Faculty of Computer and Information Science, University of Ljubljana, Večna pot 113, Ljubljana, 1000, Slovenia.
Faculty of Mathematics and Physics, University of Ljubljana, Jadranska ulica 19, Ljubljana, 1000, Slovenia.
BMC Bioinformatics. 2018 Sep 21;19(1):333. doi: 10.1186/s12859-018-2366-0.
Data-driven methods that automatically learn relations between attributes from given data are a popular tool for building mathematical models in computational biology. Since measurements are prone to errors, approaches dealing with uncertain data are especially suitable for this task. Fuzzy models are one such approach, but they contain a large amount of parameters and are thus susceptible to over-fitting. Validation methods that help detect over-fitting are therefore needed to eliminate inaccurate models.
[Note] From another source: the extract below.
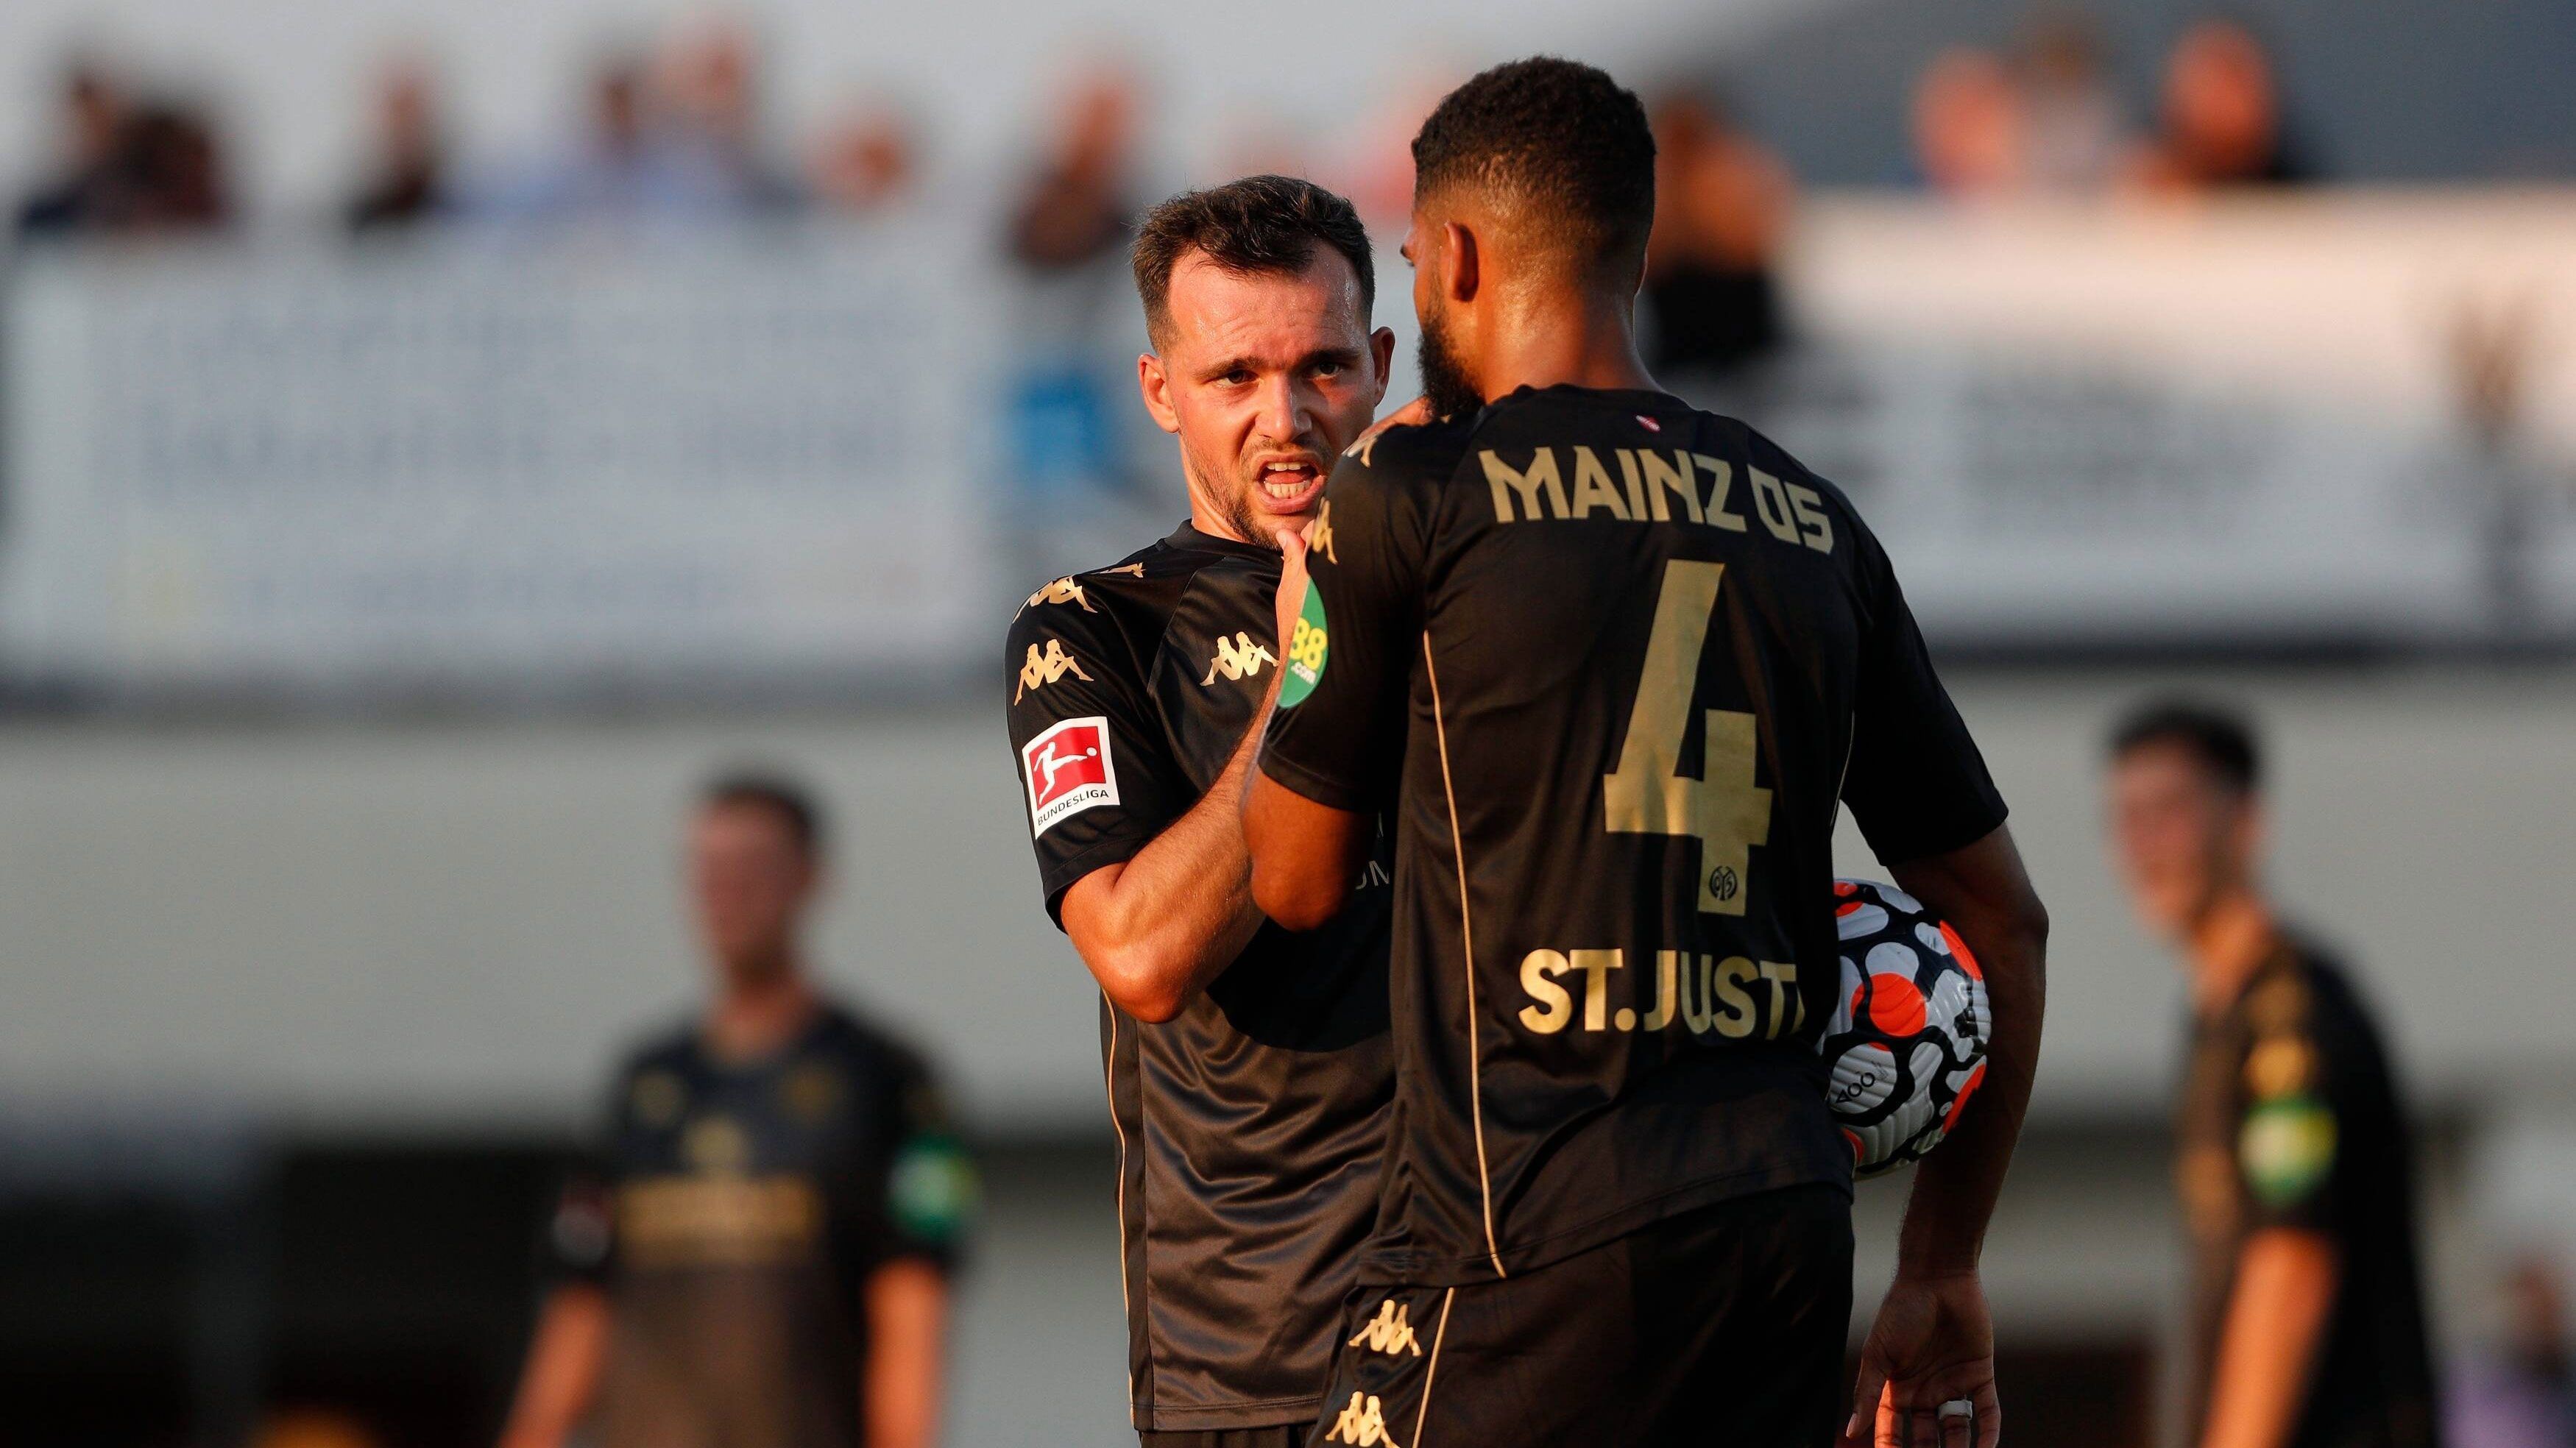 
                <strong>1. FSV Mainz 05</strong><br>
                Der 1. FSV Mainz 05 muss dringend noch im Angriff nachlegen, um sich dort breiter aufstellen zu können. Ansonsten dürfte einiges davon abhängen, ob der gefühlt von der halben Bundesliga gejagte und schon erwähnte St. Juste bleibt oder abgegeben wird. Auszuschließen ist wohl auch nicht, dass Kapitän Moussa Niakhate eine Luftveränderung anstrebt. Solche Transfers würden der Mannschaft enorm weh tun.
              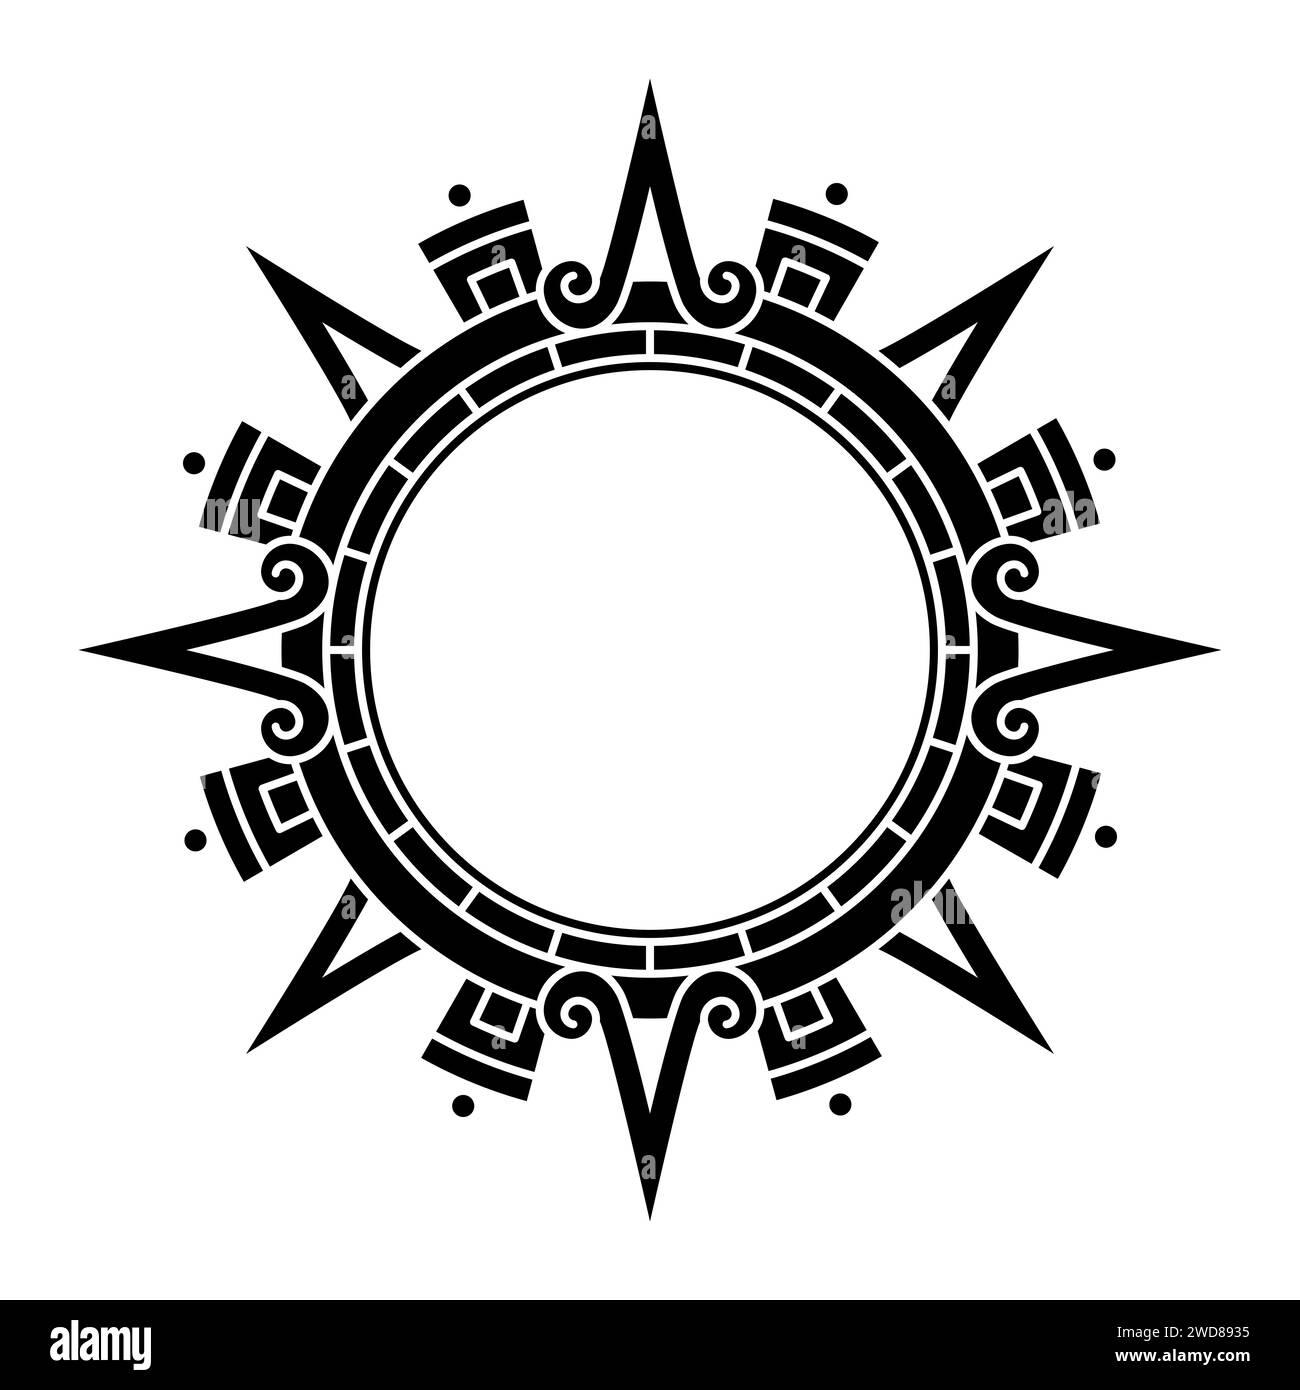 Aztekische Sonnenscheibe, Sonnensymbol und Diadem, die aztekische Sonnengottheit Tonatiuh repräsentieren. Hauptpfeile oder Sonnenstrahlen, die in die Kardinalrichtungen zeigen. Stockfoto

We propose a method to enlarge the validation datasets on which a fuzzy dynamic model of a cellular network can be tested. We apply our method to two data-driven dynamic models of the MAPK signalling pathway and two models of the mammalian circadian clock. We show that random initial state perturbations can drastically increase the mean error of predictions of an inaccurate computational model, while keeping errors of predictions of accurate models small.
With the improvement of validation methods, fuzzy models are becoming more accurate and are thus likely to gain new applications. This field of research is promising not only because fuzzy models can cope with uncertainty, but also because their run time is short compared to conventional modelling methods that are nowadays used in systems biology.
从给定数据中自动学习属性之间关系的数据驱动方法是构建计算生物学数学模型的一种流行工具。由于测量容易出错,因此处理不确定数据的方法特别适合这项任务。模糊模型就是这样一种方法,但它包含大量参数,因此容易过度拟合。因此,需要验证方法来帮助检测过度拟合,以消除不准确的模型。
我们提出了一种方法来扩大模糊细胞网络动态模型可以测试的验证数据集。我们将我们的方法应用于两个基于数据的 MAPK 信号通路的动态模型和两个哺乳动物生物钟模型。我们表明,随机初始状态扰动可以极大地增加不准确计算模型预测的平均误差,同时保持准确模型的预测误差较小。
随着验证方法的改进,模糊模型变得更加准确,因此可能会获得新的应用。这个研究领域很有前途,不仅因为模糊模型可以处理不确定性,而且还因为与当今在系统生物学中使用的传统建模方法相比,它们的运行时间较短。